3.) Fishtailing when I take a corner in snowy or slippery conditions......and no, I don't take them very fast.
I now drive a Chevy Blazer 2002 w/ part-time, low, and auto 4x4. The auto setting doesn't really do much, but it allows me to leave it set under 65 mph even on dry streets if I'm so inclined. This basically halves the problems listed above when it is engaged. I only have to use part-time when there is standing snow on the streets.
On the other hand, I also took my Blazer "off-roading" and quickly realized it wasn't a Jeep. Hence, I'm considering a Wrangler if it will fit my needs, or a Liberty (the '08 seems a bit big) w/SelecTrak, or a Patriot if all else fails.
I live in Wisconsin, and we have quit a bit of snow and ice here, I have the 17 inch rims, with the goodyear 255 75 r17's on it. I was a little worried about the tires, they look a little passenger carish to me. I have not slid one bit, not braking, not accelerating, nothing at all. Yesterday I took it through 2 feet of snow without a problem, my co-worker got stuck pulling into the driveway with his F250 power stroke. That is after I had already cut a path for him.
Not 1 regret for me, I like this thing more and more everyday.

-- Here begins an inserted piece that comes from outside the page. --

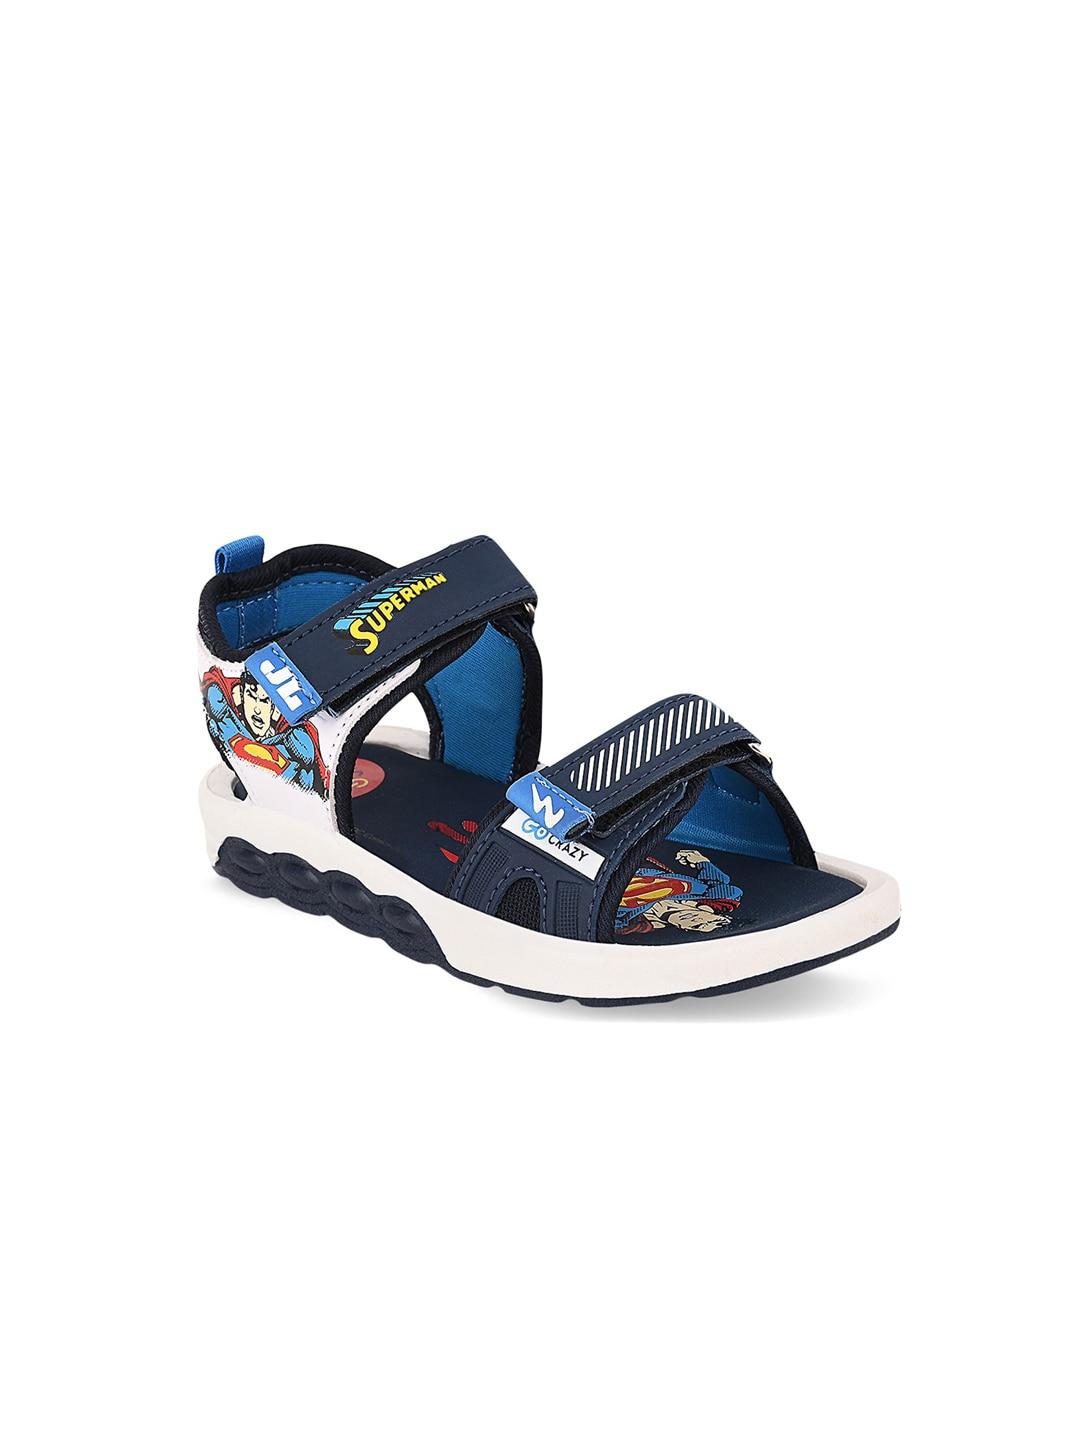 campus kids navy blue patterned sports sandals
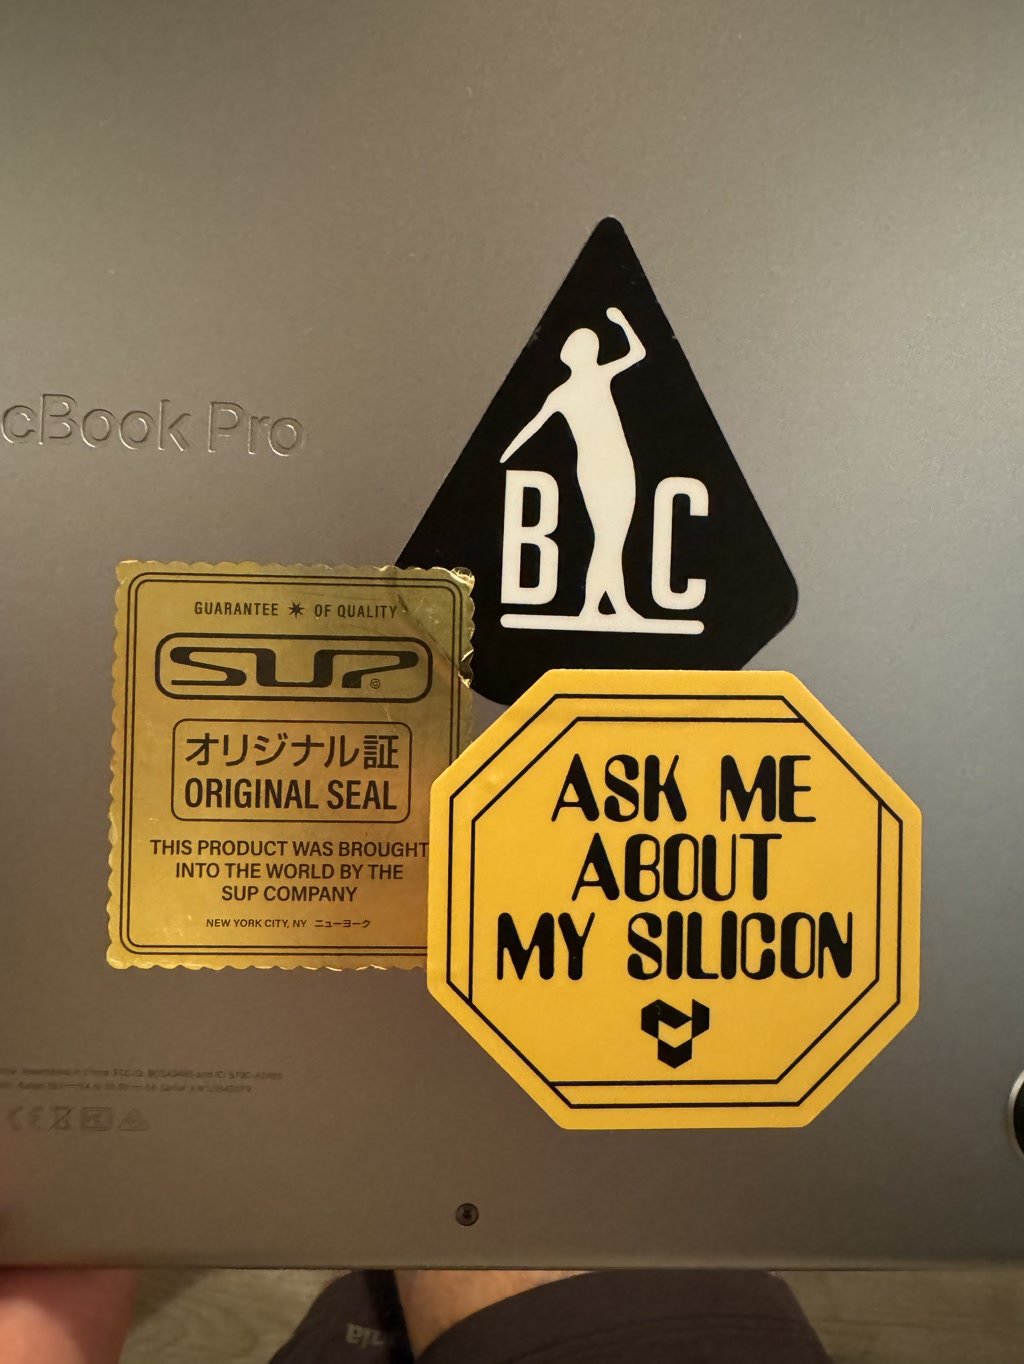 The bottom section of a MacBook Pro is shown adorned with three stickers. On the left is a golden rectangular sticker with stylized text and borders, resembling a vintage warranty seal. In the center is a triangular black sticker featuring a silhouette of a person with a hand reaching upwards, and the letters 'BC.' To the right is a yellow, hexagonal sticker with bold lettering that invites conversation about the owner's 'silicon,' alluding to the computer's processor. The laptop's aluminum surface has the model name embossed, and customary regulatory information printed at the bottom.

I have a Suburban with the auto 4wd. The system works ok but comes on with a bang. You just end up putting it in 4wd in those conditions. It takes some thought and you often forget to engage or not to engage. On the other hand I have a couple of Land Rovers with AWD. The differance is night and day. The Rovers do a 1000 times better in the conditions you are talking about. Now we come to the new JK Rubicon unlimited sitting in my drive. I have had a chance to drive the JK in icy and snow conditions. I must say that it does very well in 2wd. Once switched to 4wd the traction control is fantastic. But this does require you to switch it into 4wd. Traction control does work in 2wd but you are only dealing with the rear wheels not all four. It boils down to trade offs. If you just want to turn on the key and drive, go with a good true AWD. If you want to have fun and look good go with the JK. You can't beat the JK for the price.
Thank you very much for the responses. This is the type of stuff you can't ask dealers and expect a straight answer.
2k2wranglerx: when you describe the performance being better than quadradrive and selectrac, are you comparing it when the vehicle is in 2WD (just relying on the traction control) or when 4WD is engaged?
in 2wd you need to remember it's a rear wheel drive truck. BUT the esp really helps keep it straight. it's almost impossible to do drifts and donuts with it on. BUT, if it's snowing and the roads are covered, i just go ahead and put it in 4wd.
When we had that big snow storm that seemed to last for like 2 weeks, i would forget it was in 4wd. it's defenitely not like my TJ was in 4wd. much smoother, much easier to engage, and you don't get teh wheel shake. So when it's icy/not icey (mixed) i just leave it in 4wd. if i feel i need it.
93 yj. 355 chevy, heads, cam, intake, etc. 35's, bumpers, winch, lights, and a killer stereo.